I didn’t know much about the NASA hierarchy. Our Administrator, Jim Webb, lived in another world, Washington, D.C., from whence came our funding and our mandate. Webb, boss of the whole organization during the years of Mercury, Gemini, and early Apollo, had had a long, distinguished career, including serving as Director of the Bureau of the Budget and undersecretary of state in the Truman administration. A profoundly serious man with a vigorous manner and an ability to deliver a great speech when one was required, he knew every bureaucratic pitfall there was to know and how to navigate around them, inventing new strategies as needed.
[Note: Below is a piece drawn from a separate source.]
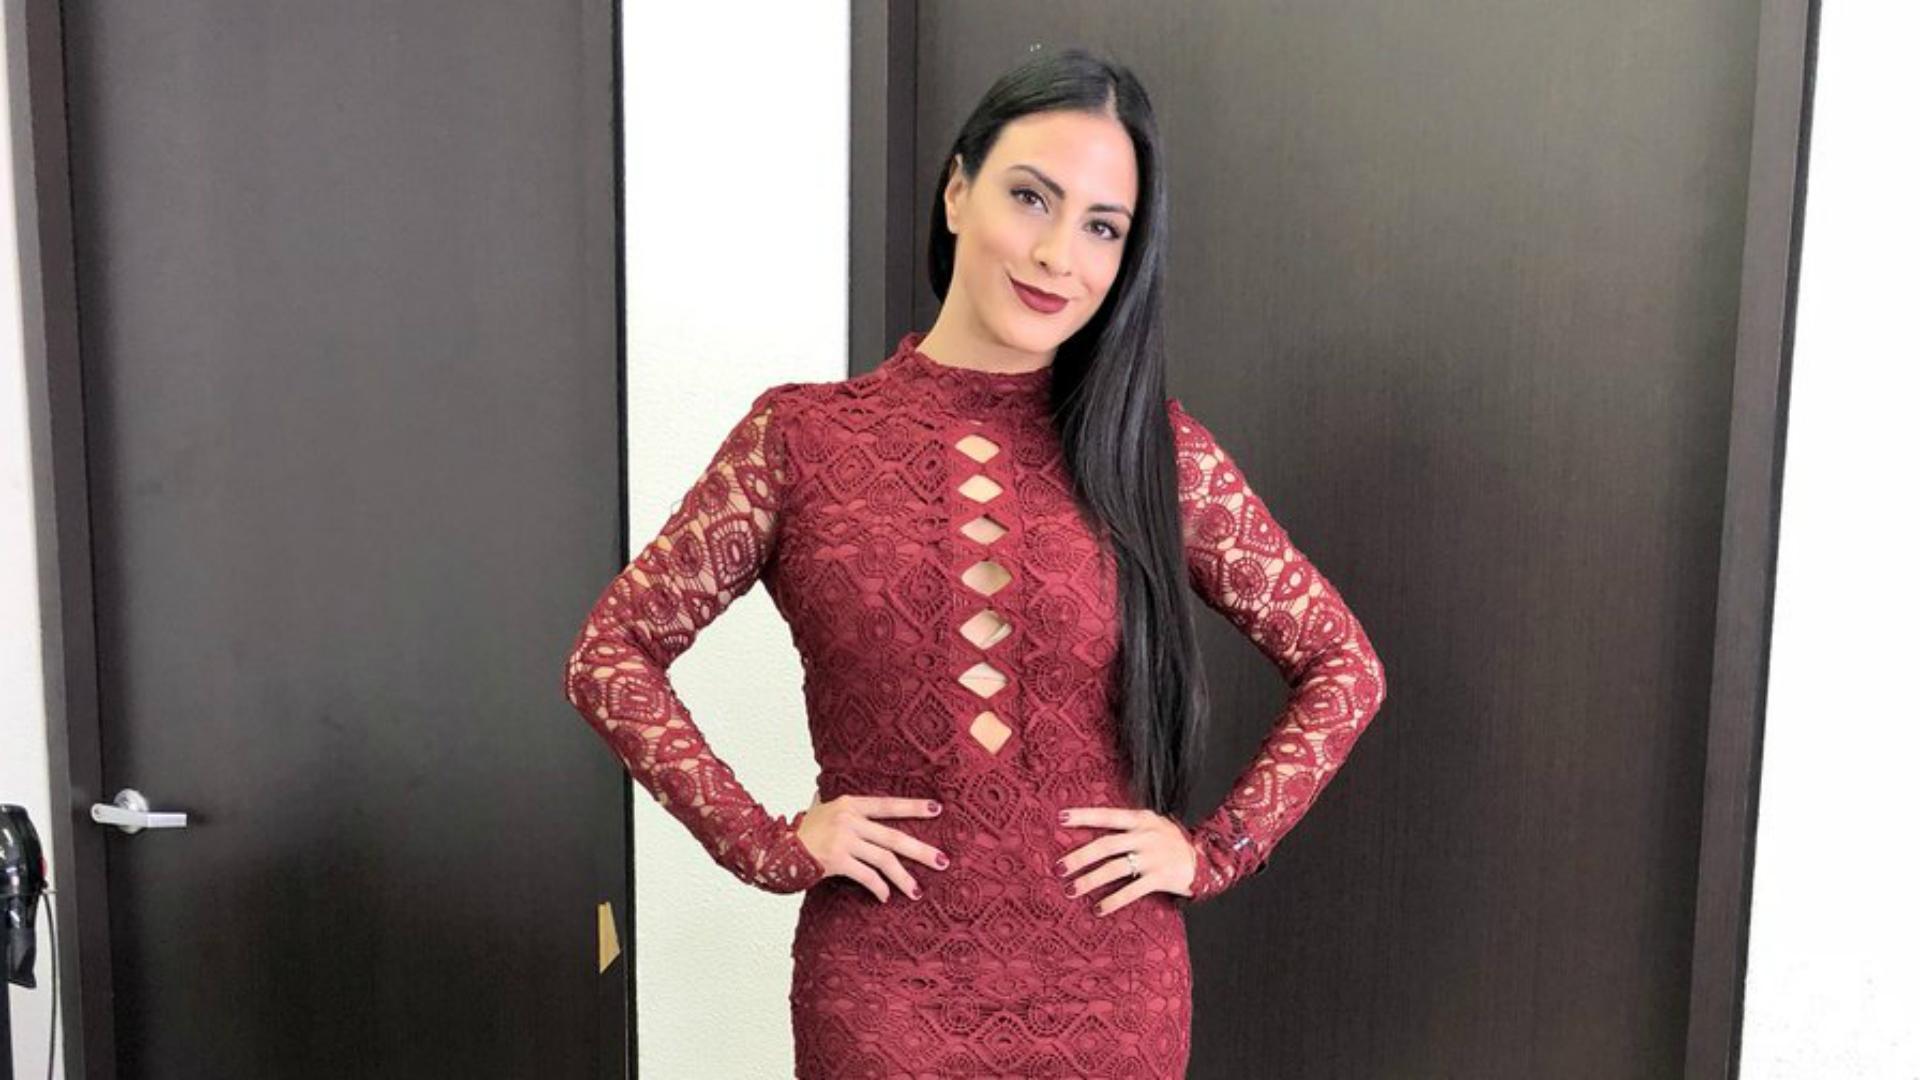 Valeria Marín

He was adroit at securing funding from an often reluctant Congress—and at keeping NASA’s critics at a safe distance from his people who were doing the work. His style was low-key and effective. He knew how to delegate and give people like George Mueller and George Low the authority they needed to achieve the goals in each mission.

The miracle of the NASA rebirth after the fire was due to four of the best leaders the program ever had. George Mueller, the boss of manned spaceflight, was a modest man, trained as a research engineer, with a great feel for the complex details of operations. He provided the foundation before, during, and after the calamity, and took the heat from Congress. Above all, he stood up for his people throughout NASA and provided an unwavering direction with his all-up test concept.

In 1966, the year before the Apollo fire, Goddard Space Flight Center advised me that they were not installing consoles for controllers on the two Apollo tracking ships. GSFC, the operator of our communications network, believed that the rapid advancements in communications technology would allow transmitting data and communications by satellite by the time the Apollo missions began. Since I had worked many shifts with the ships in Gemini, I was critically aware of the support they provided in covering key mission events and providing orbital gap coverage. I wanted a controller team aboard the ships for Apollo. I was not willing to risk the crew or mission objectives by making the MCC dependent on “may happen” technology.